======== Information provided

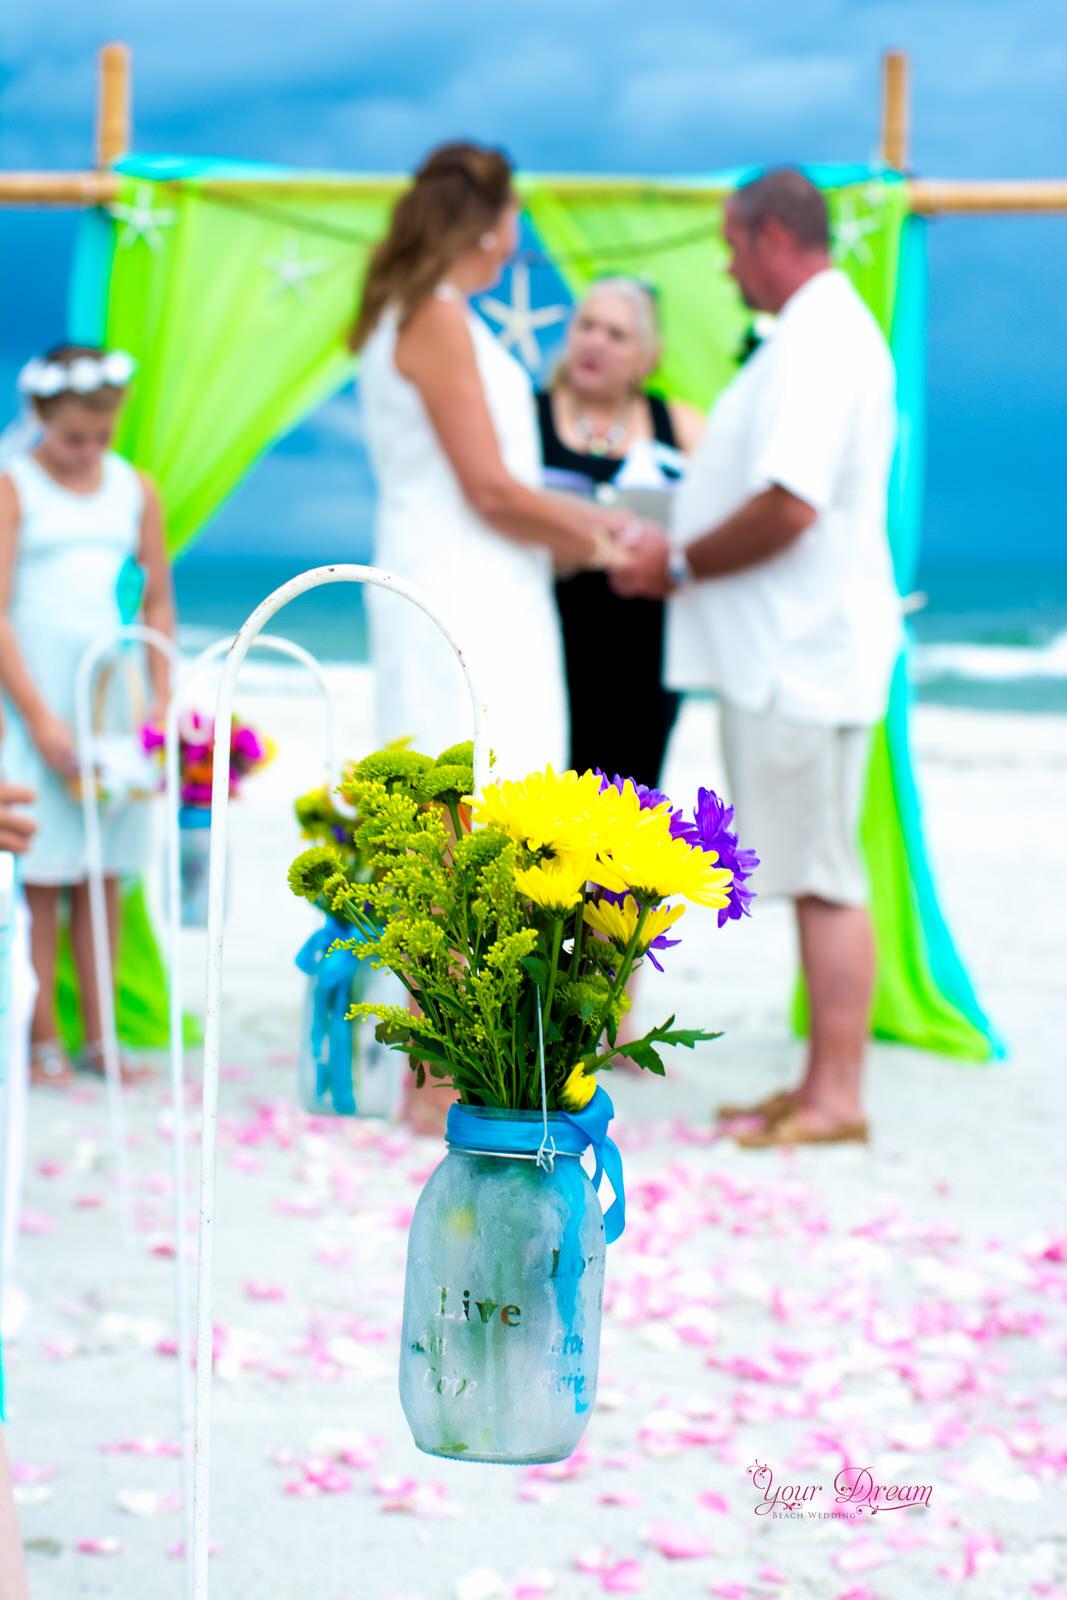 Perdidod Key wedding Photographer.jpg
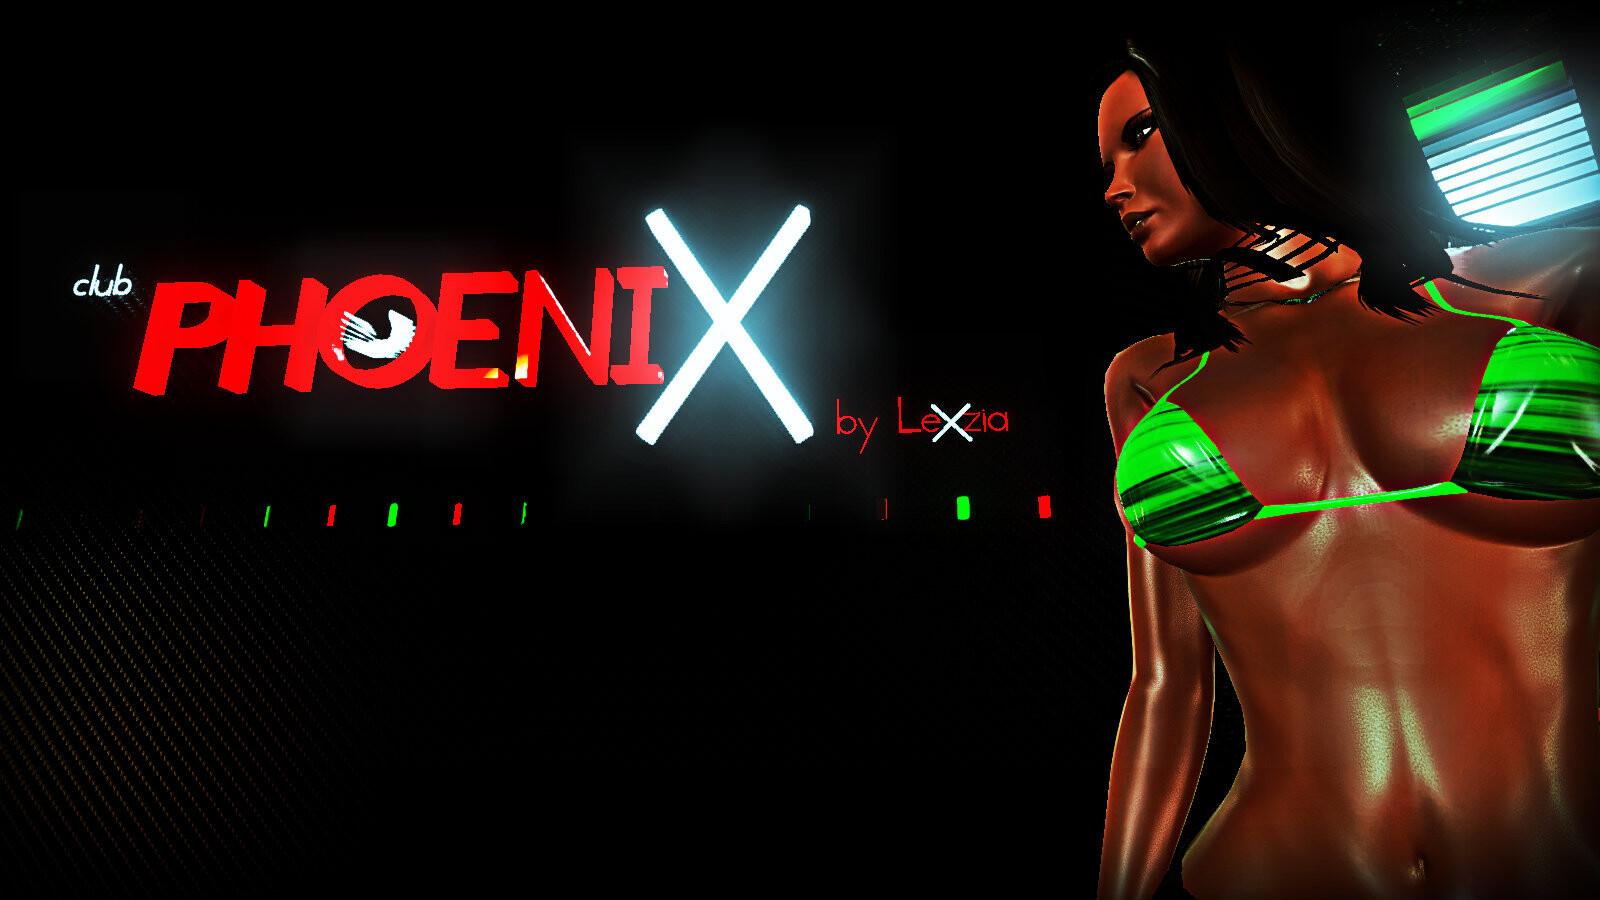 Club Phoenix 00
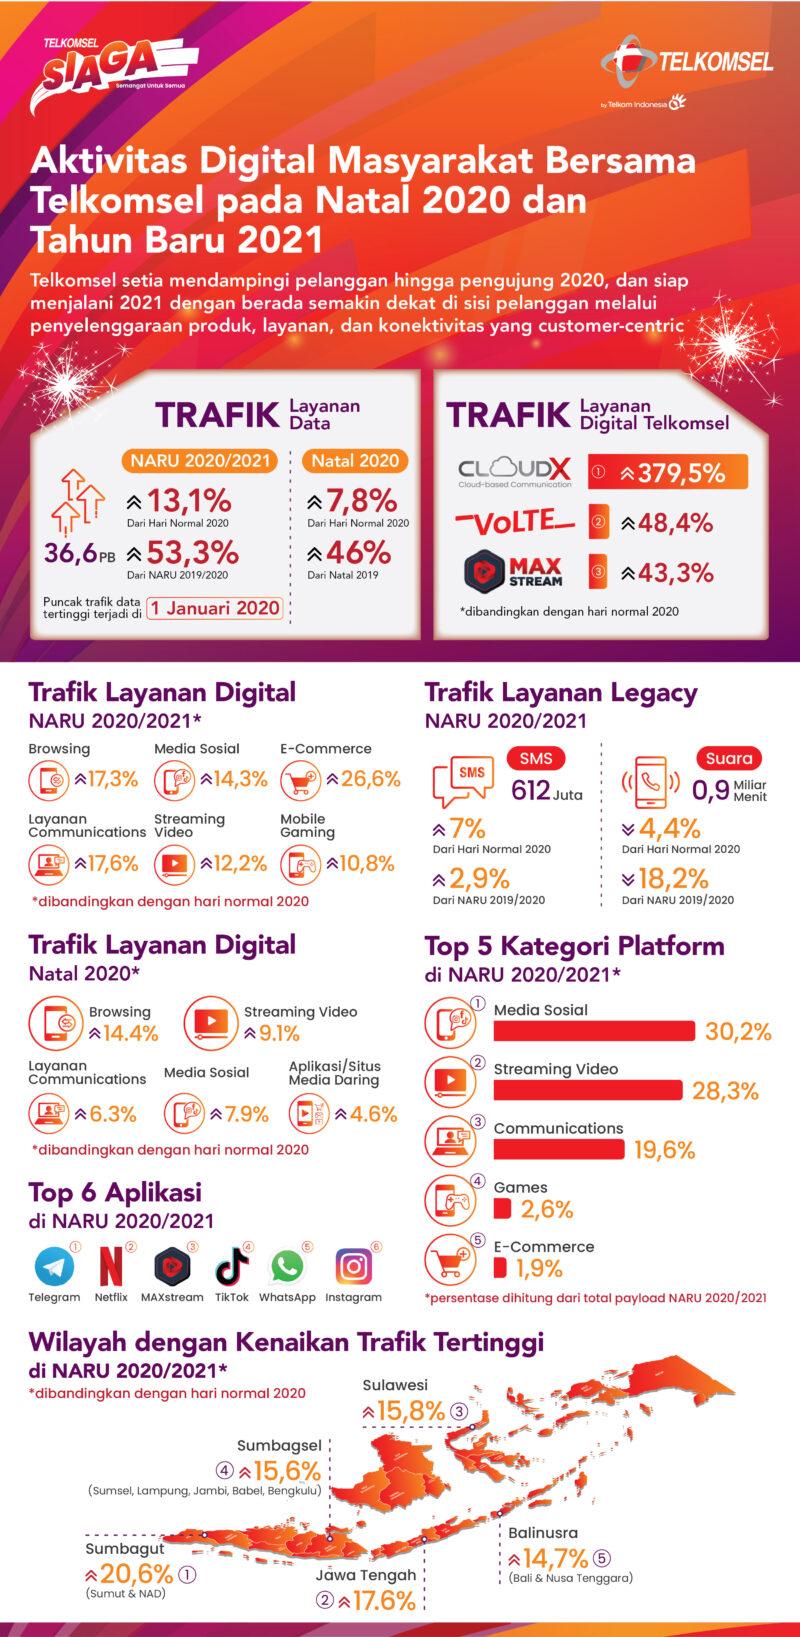 Trafik Layanan Data Telkomsel

================

__Work request__: Each line above should be written out again exactly, and no picture should appear in the copy.

__Solution__:
 Perdidod Key wedding Photographer.jpg
 Club Phoenix 00
 Trafik Layanan Data Telkomsel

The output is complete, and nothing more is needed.